Directors of Sacramento County’s San Juan Water District voted the other day to lift mandatory water restrictions and replace them with a voluntary call for conservation.
The lower level means two things, according to the district’s website: the 10 percent drought surcharge will be removed from water bills and the mandated water conservation efforts are now merely voluntary.
The jewel in the Sacramento Bee article comes in the very last paragraph, and is attributed to Lisa Brown customer service manager for the community services district in the upscale community known as Granite Bay.
Brown told the Bee that customers were calling the district office, wanting to know why Folsom Lake – the district’s source of water – was releasing water at the same time residents were under a mandate to conserve water.
It all makes sense. After all, it was easy for residents to conserve when Folsom Lake was merely a puddle and news stories talked of catastrophic circumstances once the lake fell to “dead pool” late last year.
Now that Folsom has risen so much that water managers were forced to make “flood control” releases from the reservoir, residents want to know why they have to conserve water and pay that $10 drought surcharge.

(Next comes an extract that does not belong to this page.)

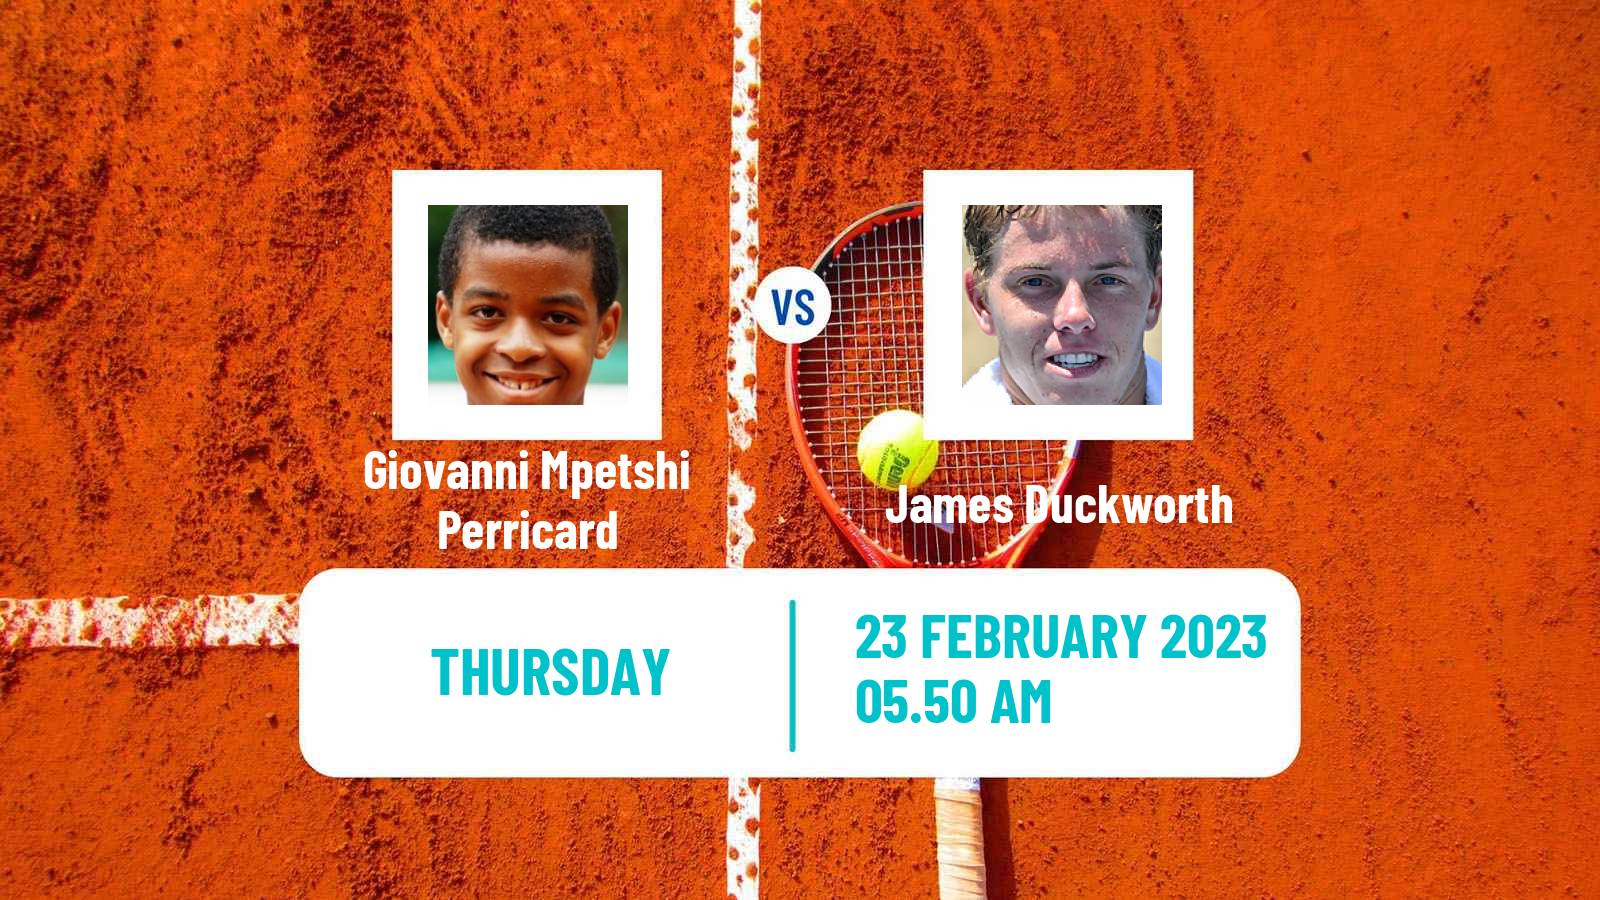 Tennis ATP Challenger Giovanni Mpetshi Perricard - James Duckworth
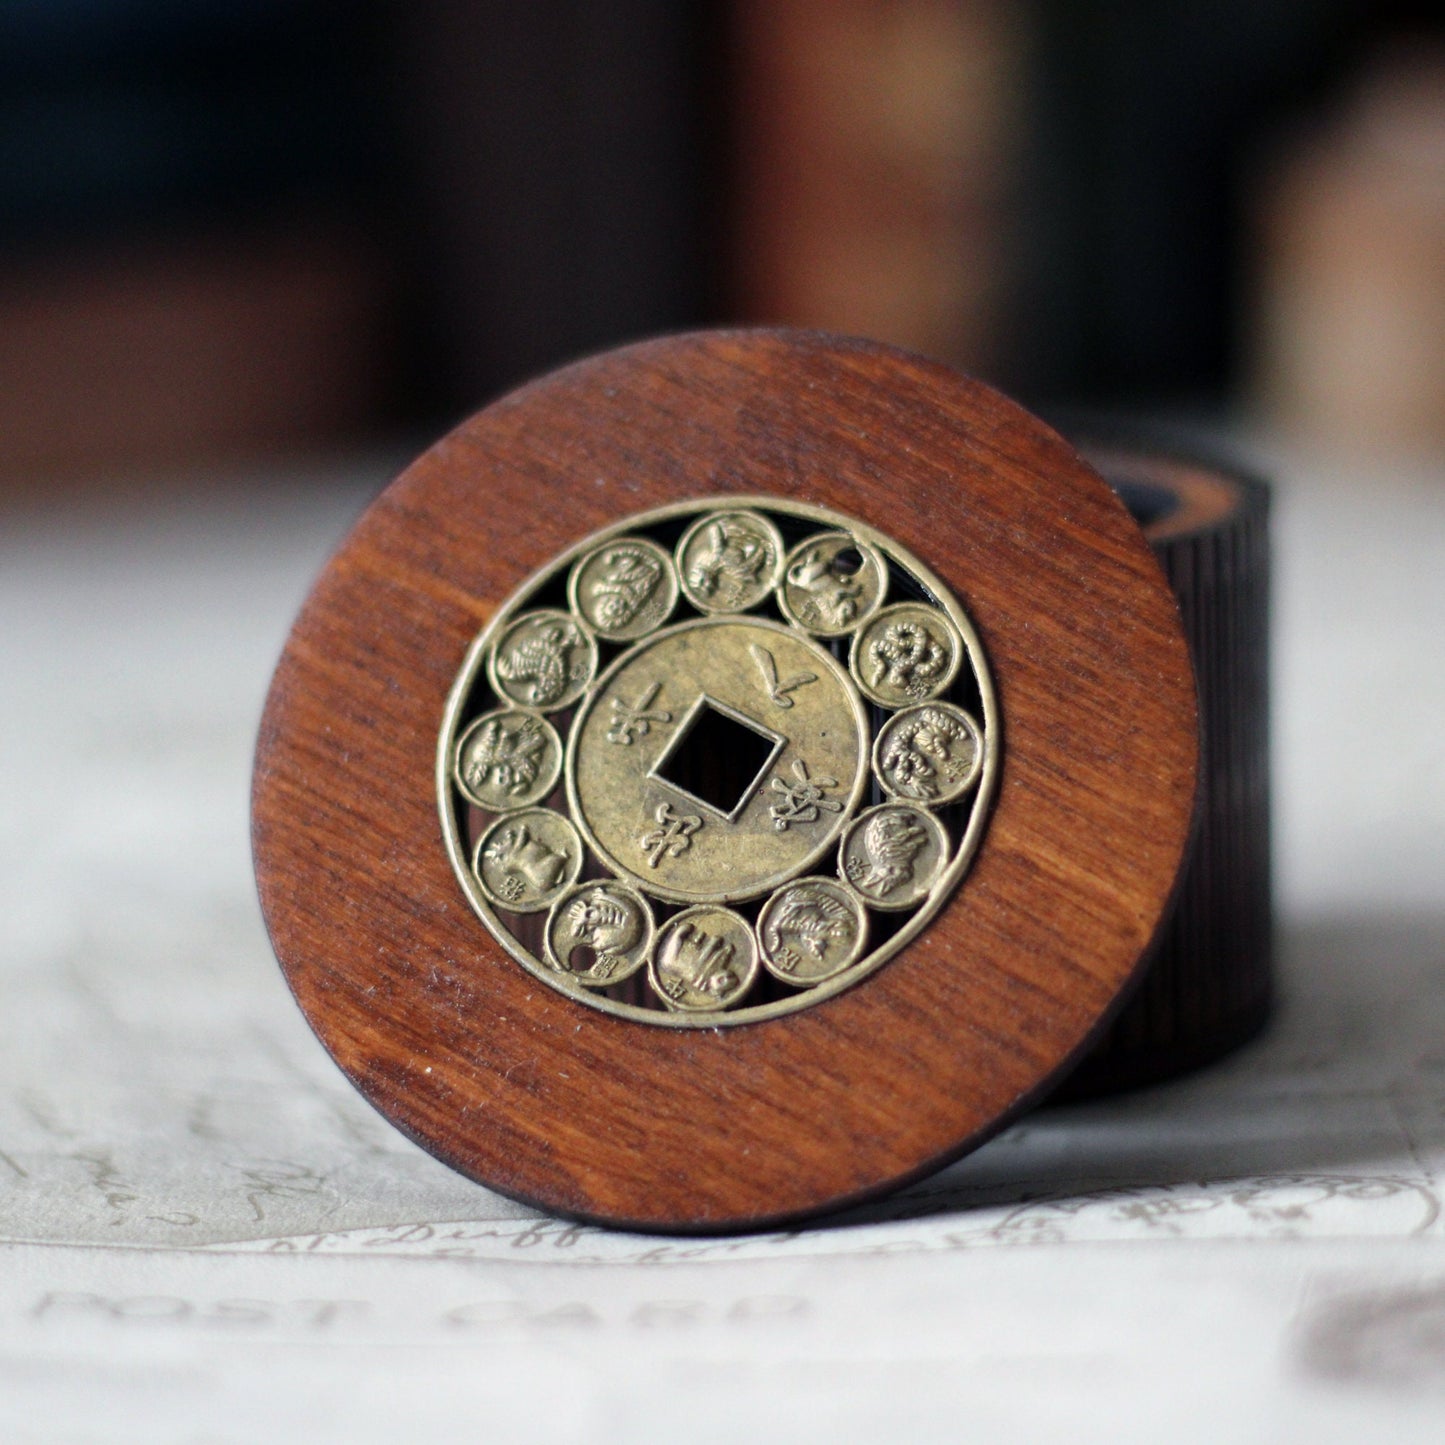 Chinese Zodiac Amulet Personalised wooden keepsake box with living hinge side, gothic jewellery box, Victorian style custom trinket

It’s a great question: Why should residents (and I’ll add “farmers”) have to conserve water when the state and federal government continue to release water into the Pacific Ocean rather than conserve it?
Either we’re in a serious drought that calls for drastic measures or we’re not. If we’re not, then turn off the electronic signs along the freeway that tell us we are.
Ever since the rains came California farmers were asking similar questions as a daily state report of water conditions in the Sacramento/San Joaquin River Delta showed that outflows into the ocean were exponentially higher than what officials were storing in the likelihood that drought conditions would persist for another year.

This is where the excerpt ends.